In addition to the distinct nuclear chemical shift, data from MR can be further separated based upon relaxation and/or diffusion properties of a nucleus or molecule.[12,13] Thus, MR technologies can discriminate among large molecules like peptides, proteins and macromolecular assemblies, and small molecules like metabolites or synthetic organic molecules. The relaxation time (influenced by the rotational correlation time and molecular fluctuations) of a molecule plays an important role in distinguishing among small drug molecules and large proteins, or between a single lipid molecule that behaves as a small molecule and an assembly of lipid molecules that, as a collective, behave as large molecules.

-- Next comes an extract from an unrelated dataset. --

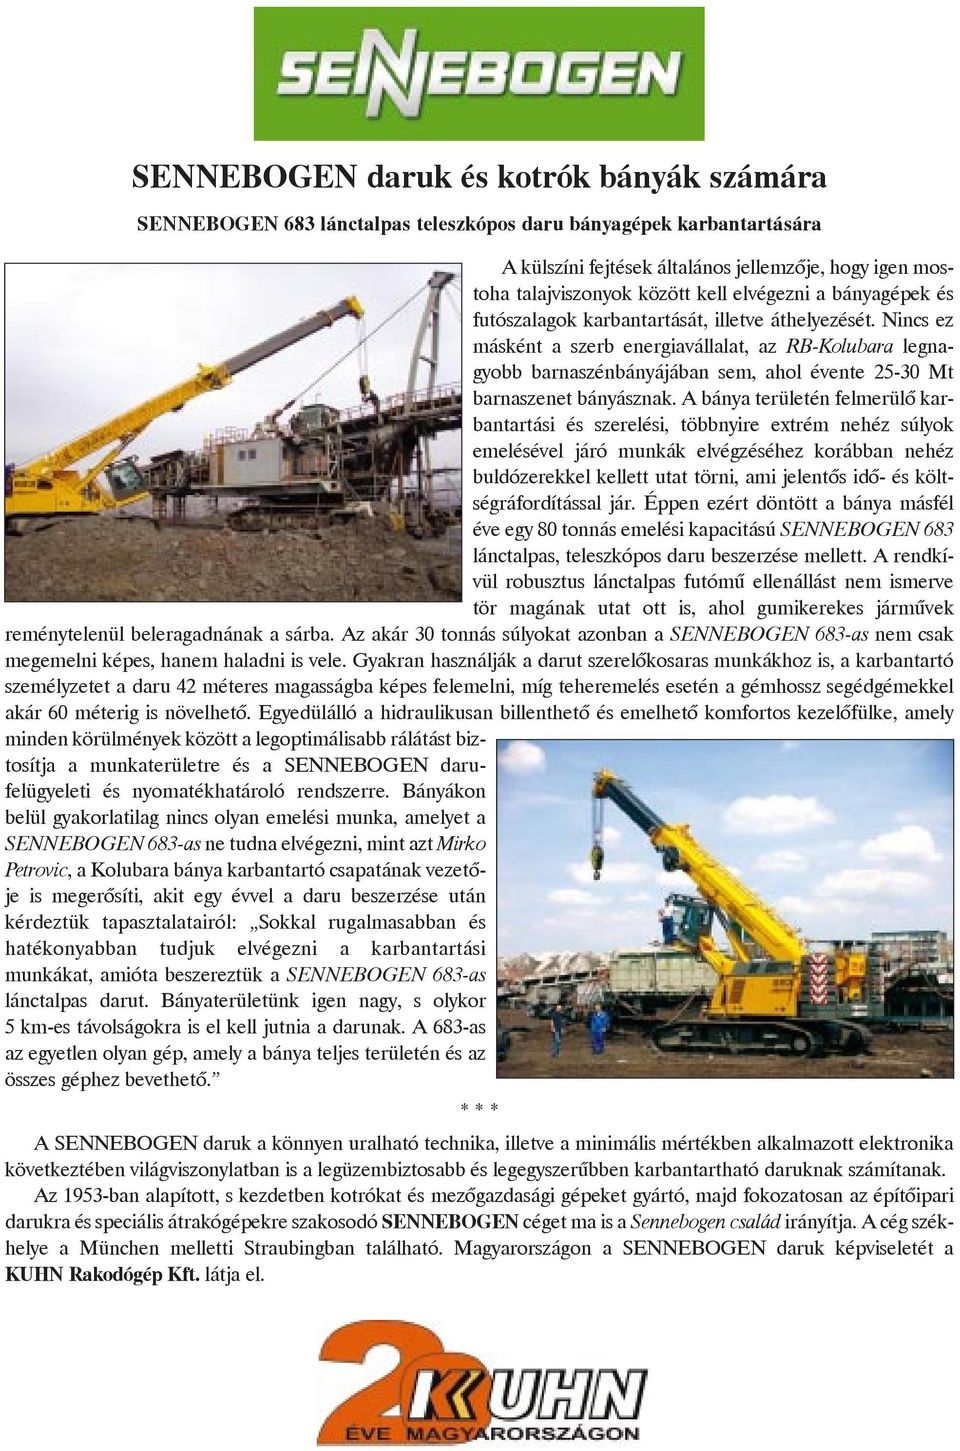 Nincs ez másként a szerb energiavállalat, az RB-Kolubara legnagyobb barnaszénbányájában sem, ahol évente 25-30 Mt barnaszenet bányásznak.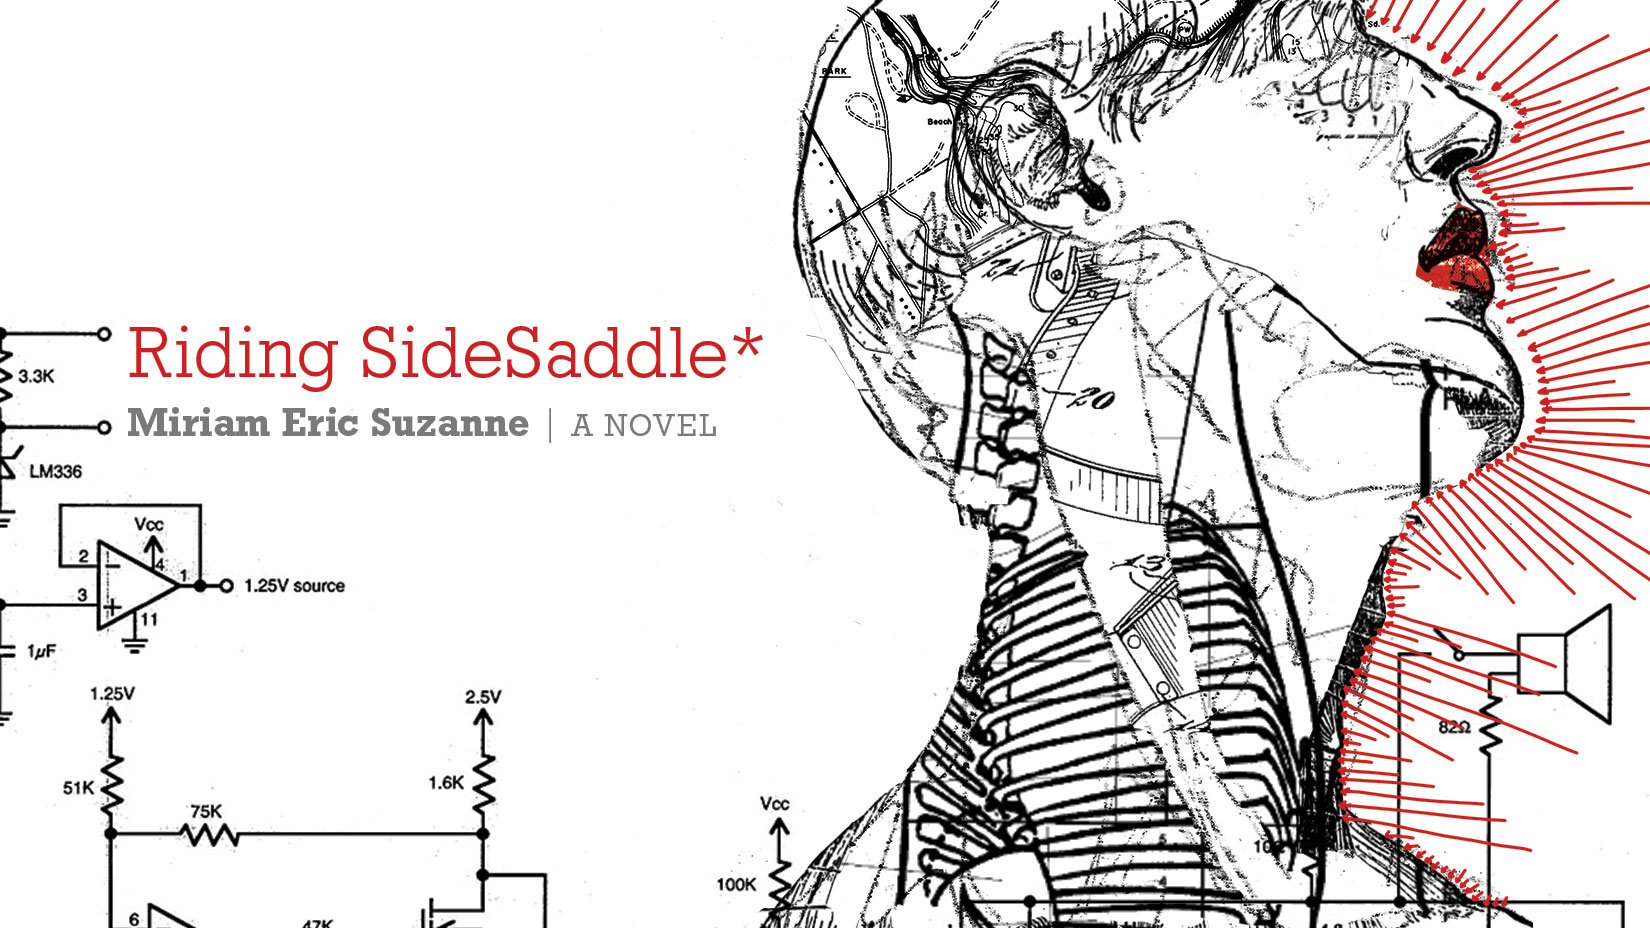 Riding SideSaddle*

One drawback is that under typical conditions MR techniques are sample intensive requiring µM to mM concentrations translating to µg to g quantities of material. For natural product discovery, the sample intensive requirement can be an issue as extracts may only contain nano to micro gram quantities of material. A number of methods have been proposed to overcome the mass demand with the most significant for general applications being the invention of cryogenically helium cooled detection systems that substantially reduce thermal noise ultimately improving the signal-to-noise ratio by up to 10 fold and reducing data acquisition times by up to 100 times.[15,16] A next generation improvement is cryogenically cooled probes that require smaller sample volumes. Currently the combination of the 700 MHz NMR spectrometer and new detection technologies requiring only 35 µl of sample affords the Biomolecular Magnetic Resonance Facility at NRC-Halifax one of the world’s most sensitive instruments for mass-limited samples reducing the typical quantities by up to 50 times. The limits of detection for this instrument can be as low as 10 nano-grams for small molecules (IWB, NM, TK and RTS unpublished).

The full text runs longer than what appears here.